Şimdi bu metni okuduğum zaman söylediği şeylerin hiçbirisine, yani bir demokrasi, çoğulcu bir demokrasi isteyen birisi olarak, ki ben öyleyim, hiçbirisine bir itirazım yok. Yani zaten dile getirilen hususları dile getirmiş. Bir önceki seçimde, 2023 seçiminde Altılı Masa’nın yaptığı metinlerde de bunları hep görüyorduk zaten. Çok daha geniş metinler çıktı biliyorsunuz. Komisyonlar kuruldu her partiden temsilcilerle ve bunlar anlatıldı değişik değişik toplantılarda. Ama sonuç, hiçbir şey olmadı, kaybettiler seçimi. Ve orada da en temel perspektif güçlendirilmiş parlamenter sistemdi. Burada da ‘‘güçlendirilmiş parlamenter sistem’’ demiyor, eskiyi çağrıştırmasın diye herhalde ama ‘‘parlamenter sisteme dönüş’’ diyor.

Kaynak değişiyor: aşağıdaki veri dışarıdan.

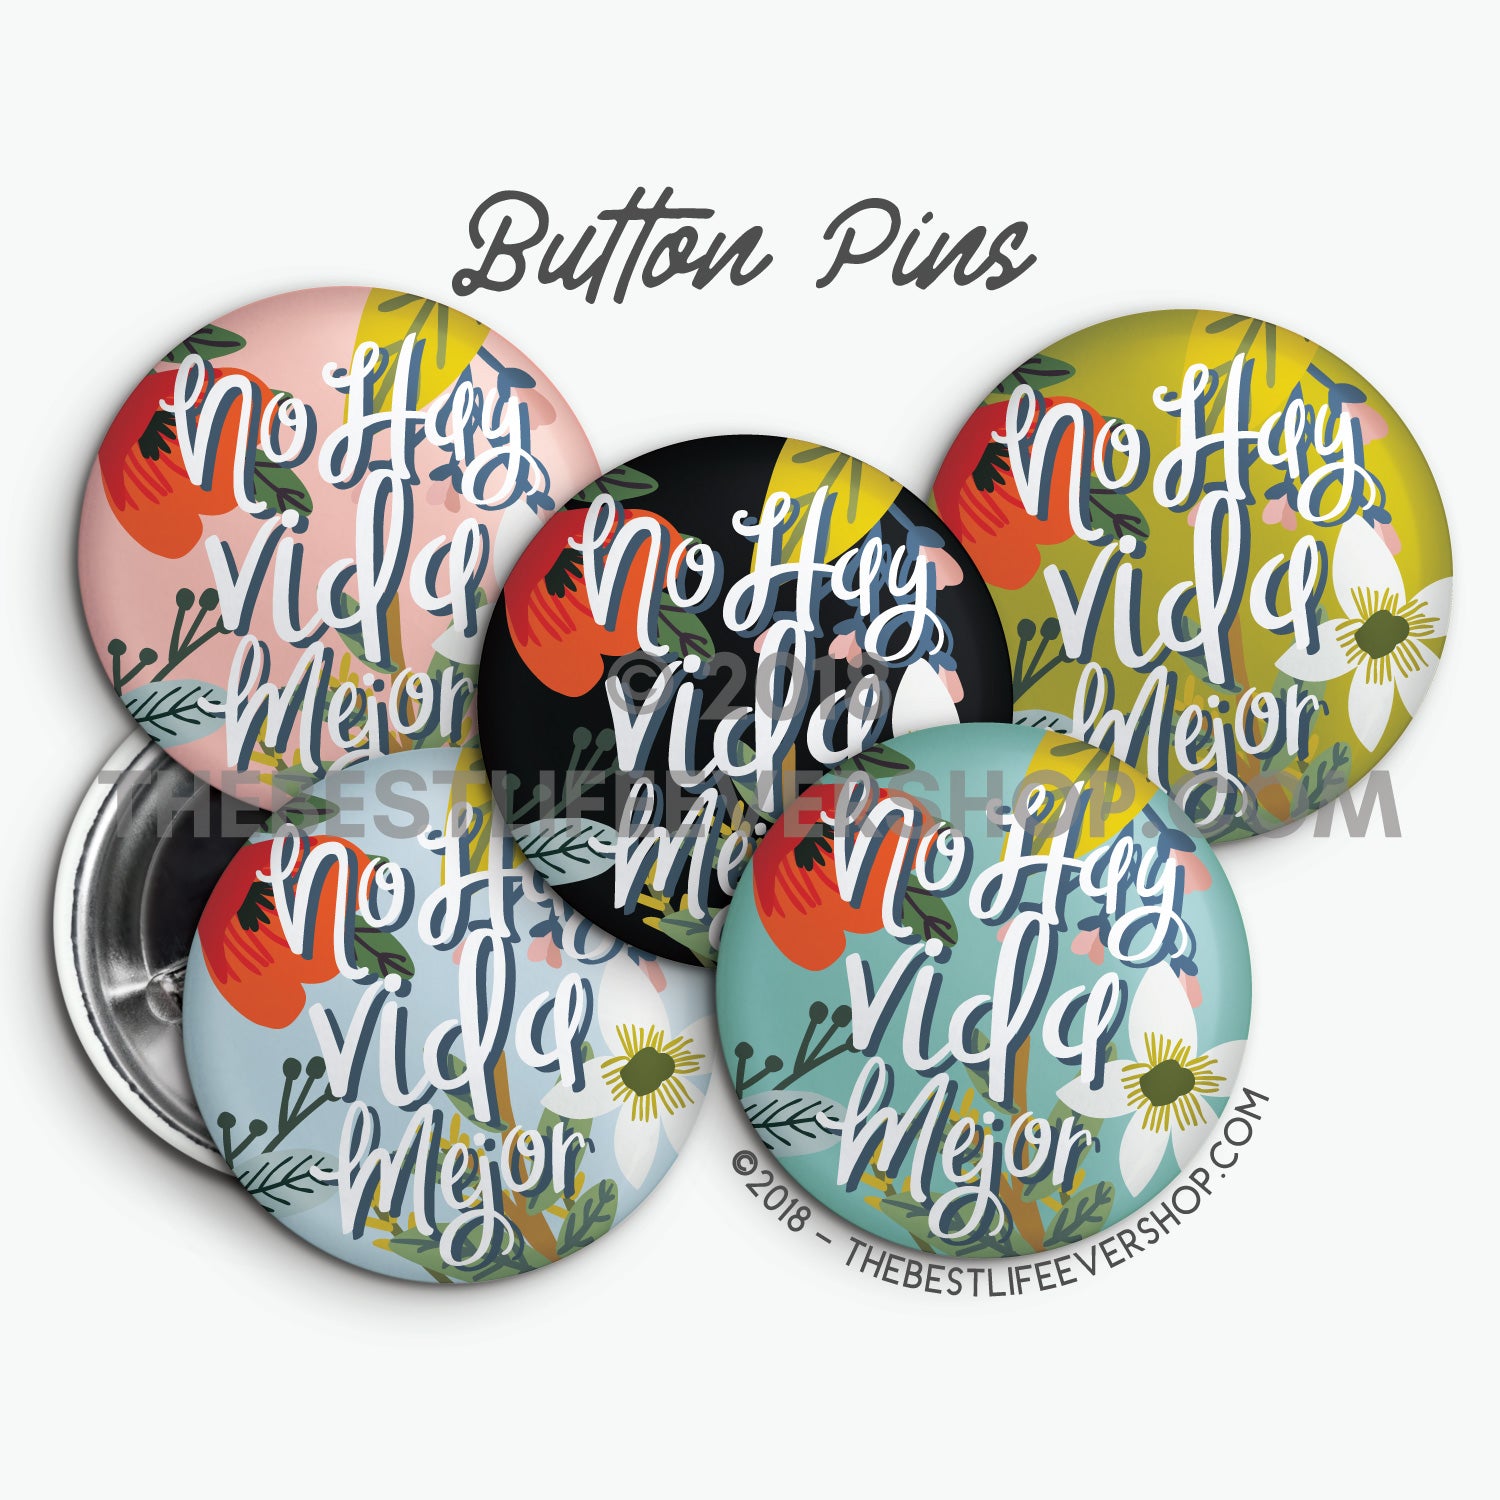 Best Life Ever FLORAL Button Pin Packs

Bu anlamda baktığımız zaman bu metinde olan şeylere laf etmek mümkün değil. Ama bu metin tek başına — nasıl söyleyeyim — seçim kazandırabilecek bir metin değil, öyle söyleyeyim. İlk aklıma o geldi. Tabii ki başka metinler de çıkacak. Tabii ki başka sloganlar da çıkacak, başka şeyler de çıkacak. Ama burada şöyle bir şey yok. Yani, nasıl diyeyim? Bir heyecan yok, çarpıcı birtakım hususlar yok. Yani ben bu metni okudum çıkar çıkmaz, yani görür görmez okudum ve eşe dosta “Ekrem İmamoğlu’nun yazısını gördünüz mü, orada şunu diyor?” diyebileceğim böyle çarpıcı, yeni, beni şaşırtan, dikkatimi çeken hiçbir şey görmedim. Dediğim gibi bu yazılanların, dile getirilenlerin sorunlu olduğu anlamına gelmiyor. Şimdi tartışırsınız. Açıkçası başkanlık sistemi, parlamenter sistem meselesinde ben Ekrem İmamoğlu’nun parlamenter sistemi bu kadar da ilk anda telaffuz etmesini beklemezdim. Çünkü parlamenter sisteme dönüş iddiasıyla kaybedilmiş bir seçim var ve başkanlık sisteminin getirdiği çok büyük birtakım tahribatlar var. Bu konuya bir şekilde değinip ama çok da fazla öne çıkartmayabilirdi. Ama bu benim gözlemim. Sonuç olarak o böyle yapıyor, buna söylenecek çok fazla bir şey yok. Ama burada bu metinde her ne kadar birtakım konulara ayrı ayrı girmediyse de bu refah, adalet ve demokrasi, üç kavram, özellikle refah kavramı anlamında çok bir şey göremiyoruz. Adalet var, demokrasi var. Ama mesela bir şekilde baktığım zaman… Şimdi 19 Mart’tan bu yana yaşadığımız olayı düşünün. 19 Mart’ta içeri alındı Ekrem İmamoğlu ve şu ana kadar iddiasını çok ciddi bir şekilde sürdürüyor. Ve burada bence en önemli pay, kesinlikle buna inanıyorum, gençler.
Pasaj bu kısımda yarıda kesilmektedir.